The efficient and precise extraction of road features from RS data is a long-standing research priority in geographic information science [1]. As fundamental transportation routes in remote areas, unpaved roads are widely distributed across rural and mountainous regions with complex terrain. Accurate knowledge of the spatial distribution of these roads is vital for tasks such as emergency rescue, rural road management, wind farm inspection, and path planning in complex environments. As a key tool for updating fundamental geographic information, RS has played an increasingly important role in urban management [2], traffic navigation [3], emergency response, and spatial planning in recent years [4,5].

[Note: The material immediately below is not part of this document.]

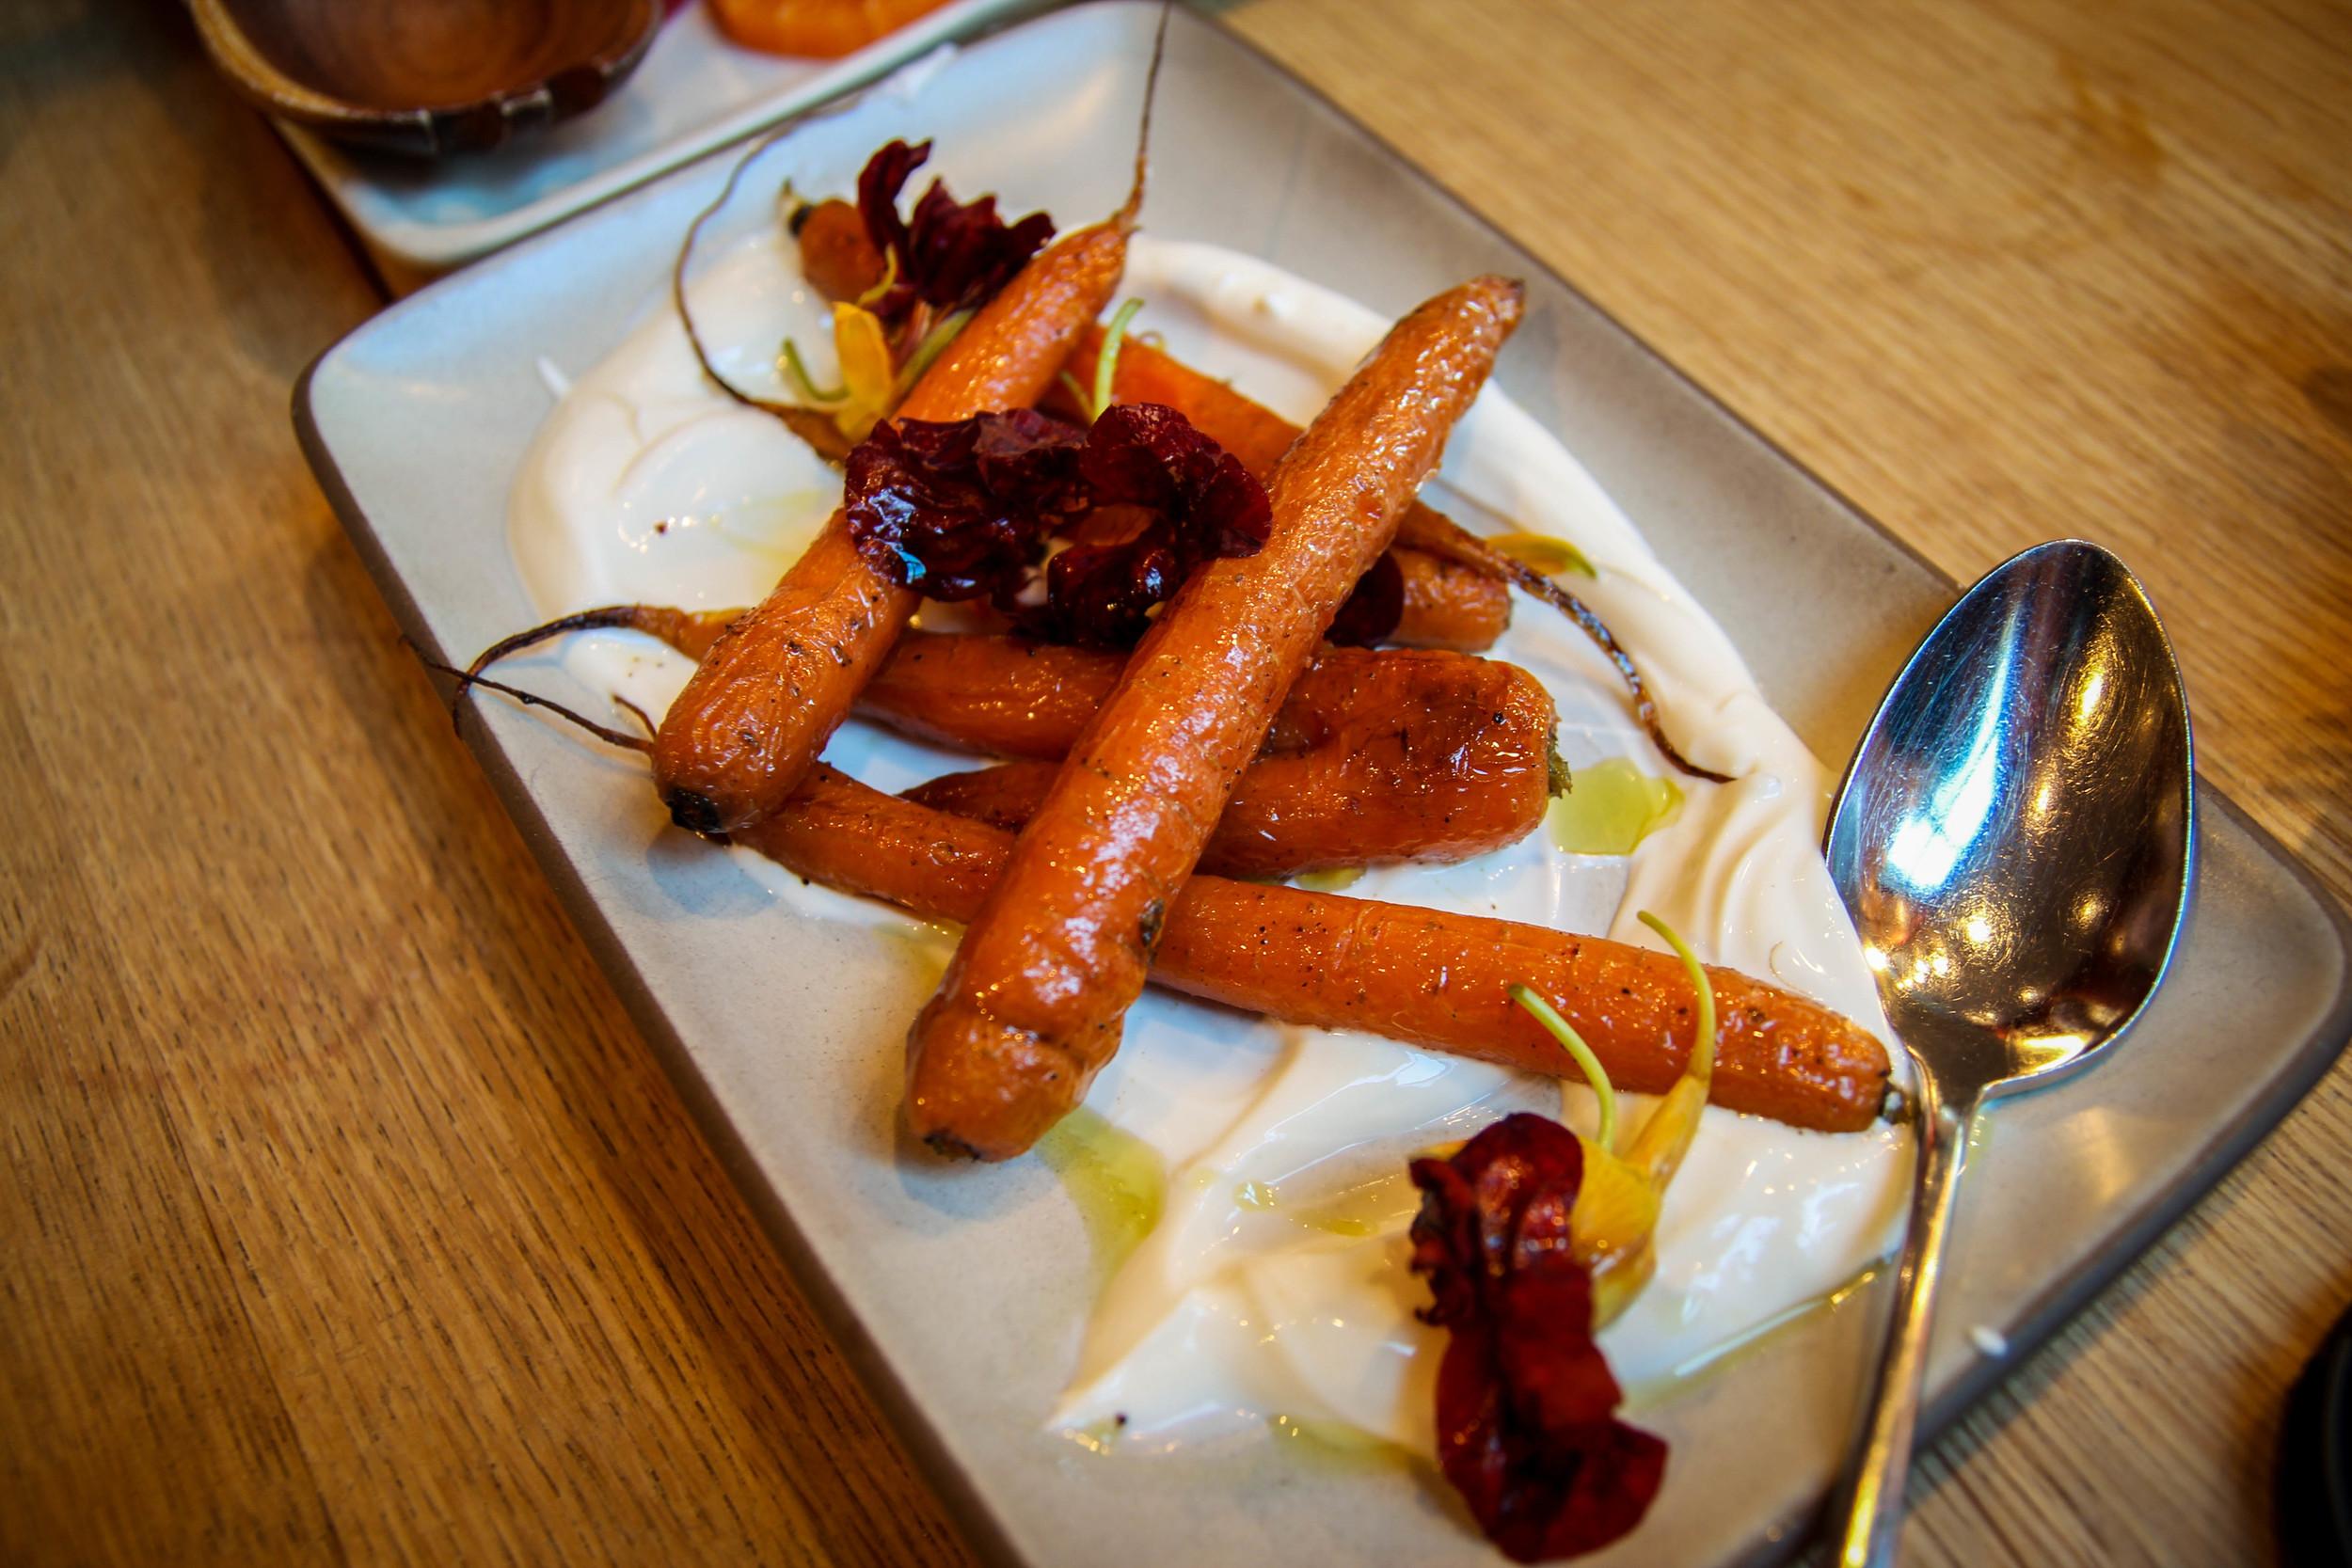 Roasted carrots with Greek yogurt, lemon verbena, and nasturtium flowers

Although RS data sources are becoming more accessible, the spatial coverage of existing geographic information remains significantly imbalanced. Open geographic data platforms such as OpenStreetMap can provide relatively complete road network information in urban areas, but coverage remains severely lacking in rural and remote mountainous regions, especially for unpaved roads. This data deficiency not only restricts the effective management and utilization of rural road resources but also hinders the planning and optimization of transportation infrastructure, thereby affecting the development and modernization of agricultural and rural regions [6,7]. Unlike the well-structured and clearly bounded urban roads, unpaved roads in remote areas are often influenced by complex terrain, vegetation occlusion, and poor maintenance, resulting in highly unstructured characteristics. Specifically, these roads often appear narrow and winding, with blurred edges, low contrast, and complex textures, making them difficult to identify in RS images and posing significant challenges to conventional road extraction methods.

Traditional approaches in early RS road extraction research were mainly based on mathematical morphology [8], spectral information [9], and structural cues [10]. While effective on high-contrast imagery, such approaches rely heavily on hand-crafted parameters, limiting their adaptability and robustness in complex environments [11]. Recent developments in deep learning techniques have greatly enhanced the performance of road detection from RS imagery. Convolutional neural networks (CNNs), represented by U-Net [12] and SegNet [13], have achieved breakthroughs across various RS applications through end-to-end feature learning. However, the local receptive field and fixed kernel shape of standard CNNs result in a square sampling pattern that is inadequate for capturing the linear structures and complex topology of roads [14,15]. To address this limitation, various improved models have been proposed. For example, D-LinkNet [16] utilizes conditional dilated convolution [17] to expand the receptive field. MECA-Net [18] integrates multi-scale features and attention mechanisms [19,20]. Deformable convolutional networks [21,22] enhance spatial adaptability by dynamically adjusting sampling positions. While these methods achieve outstanding performance in urban scenarios, they still struggle to address the unique challenges of unpaved roads, which can be summarized as follows.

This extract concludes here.